As in 2004, the success of last year’s stockmarket debutantes was mixed.

 

A number of companies were forced to list at the bottom end of their value ranges and several had to pull their floats altogether. At the end of the year a significant proportion of new entrants were trading below their listing prices.

 

Significant pharmaceutical and healthcare IPOs in 2005 included the Italian eyewear company Safilo; the French pharmaceuticals business IPSEN; and Spain’s leading cosmetic surgery company Corporación Dermoestética. For the first time for several years there were more IPOs in the sector in Europe (22) than in the US (17).

 

The market for follow-on finance remained strong, with quoted companies in the sector raising a further $20bn compared with $17.5bn in 2004.

 

 

 

Private Equity – drawn to devices

PE interest in the pharmaceutical and healthcare industry remained constant last year with $11bn of new money invested compared with $12bn in 2004.

 

As indicated previously, many of the largest PE deals were in the medical devices sector. These included KKR’s $1.3bn acquisition of Accellent, Apax’s acquisition of Molnlycke Health Care, Montagu Private Equity’s acquisition of BSN Medical and Madison Dearborn’s investment in Sirona.

 

In the biotechnology sector, PE funding is increasingly being supplemented by the proceeds of partnering arrangements with the big pharmaceutical companies.
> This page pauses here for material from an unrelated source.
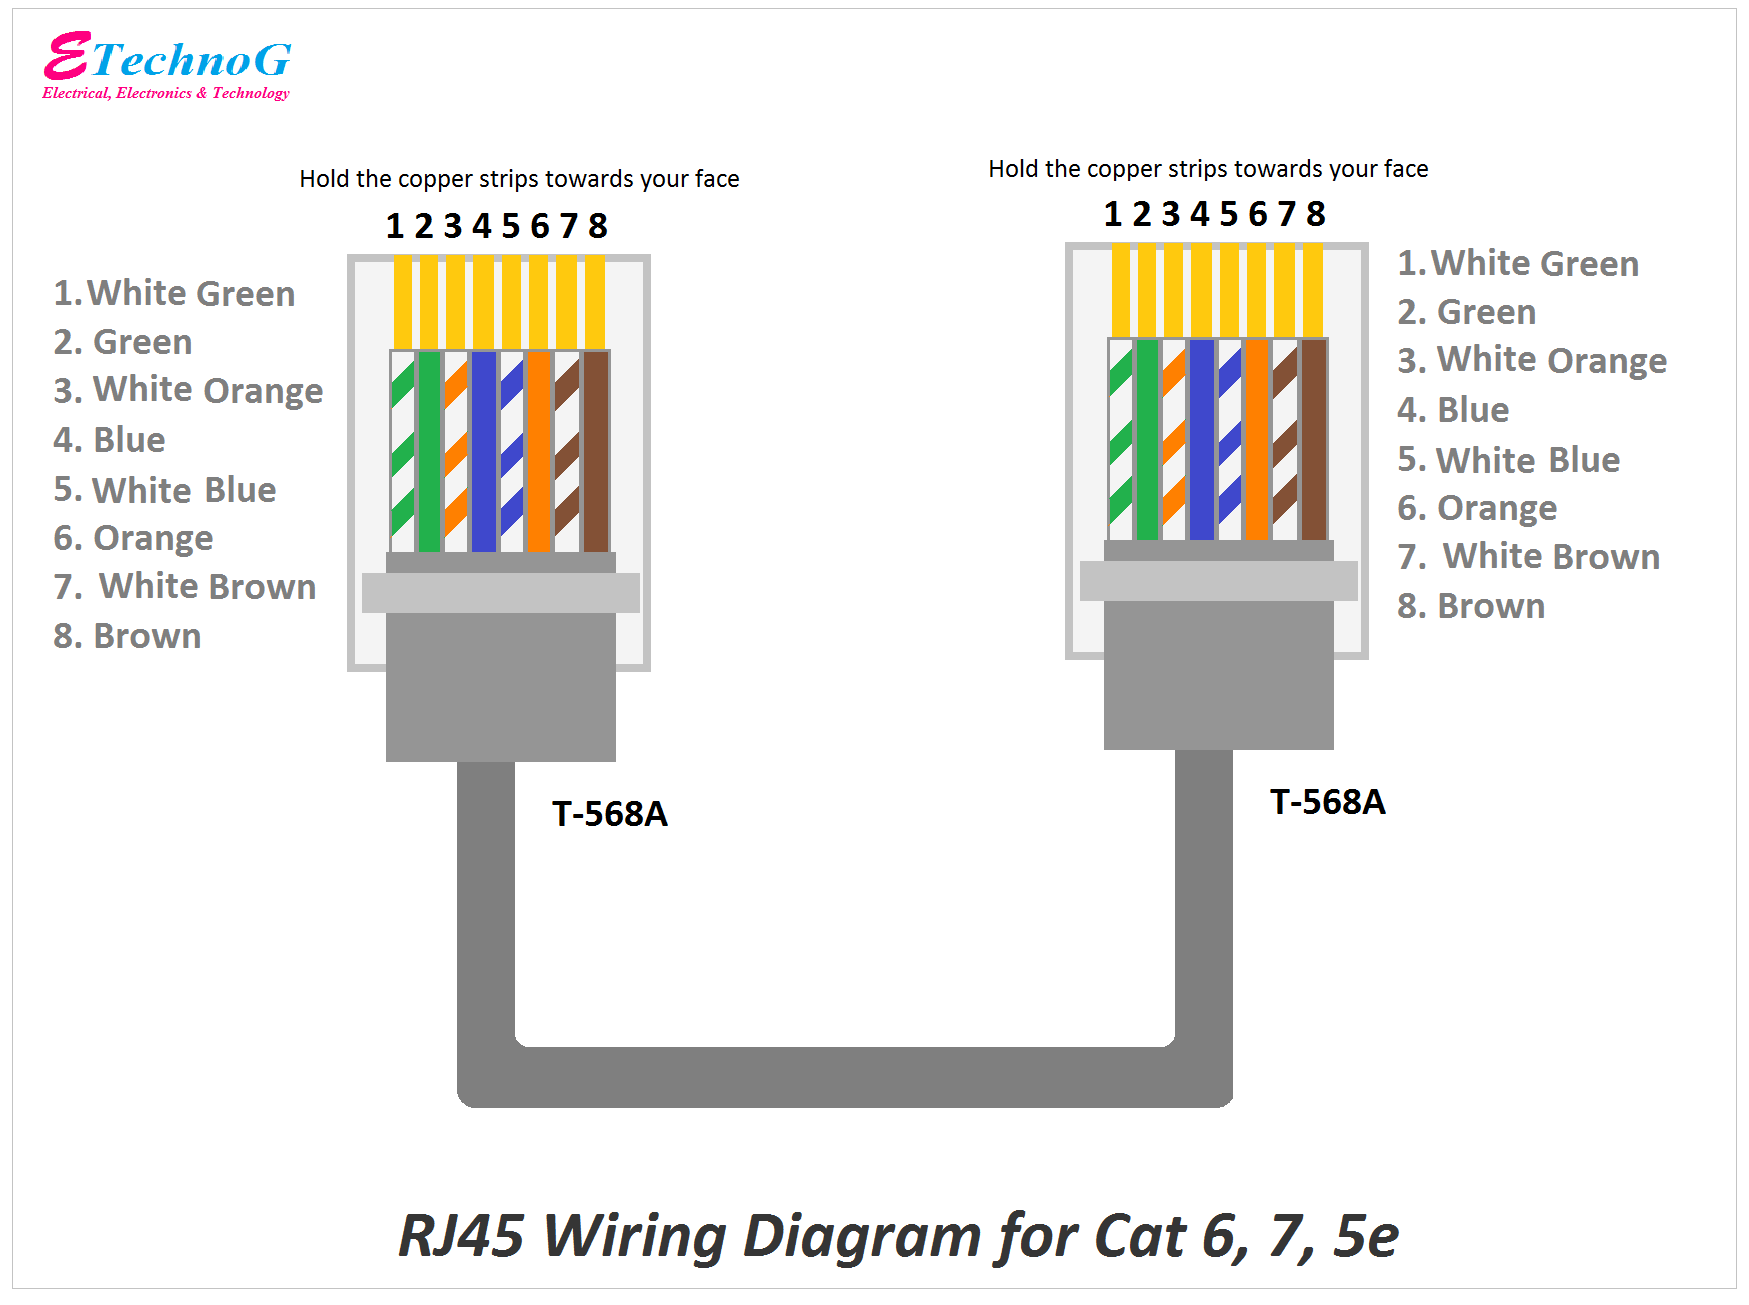 RJ45 Wiring Diagram for cat 6,7,5e, cat 6 wiring diagram, cat 5 wiring diagram

Industry sources estimate that in 2005 approximately $17bn was committed to biotech companies under such corporate venturing schemes.

 

 

 

Outlook for 2006

We expect the public markets to remain active in 2006. However, we anticipate that the proportion of emerging biotech companies that make it to the public markets will be exceeded by the proportion acquired by bigger companies before they float.

 

The weight of money flowing into PE funds continues to grow, and inevitably this will mean a continued increase in the proportion of deals done by PE houses. Over time this will drive up the prices paid for deals in those areas of the overall pharmaceutical and healthcare market which are attractive to PE (such as healthcare services and medical devices), encouraging other investors to focus on areas such as pure pharma which carry greater R&D risk.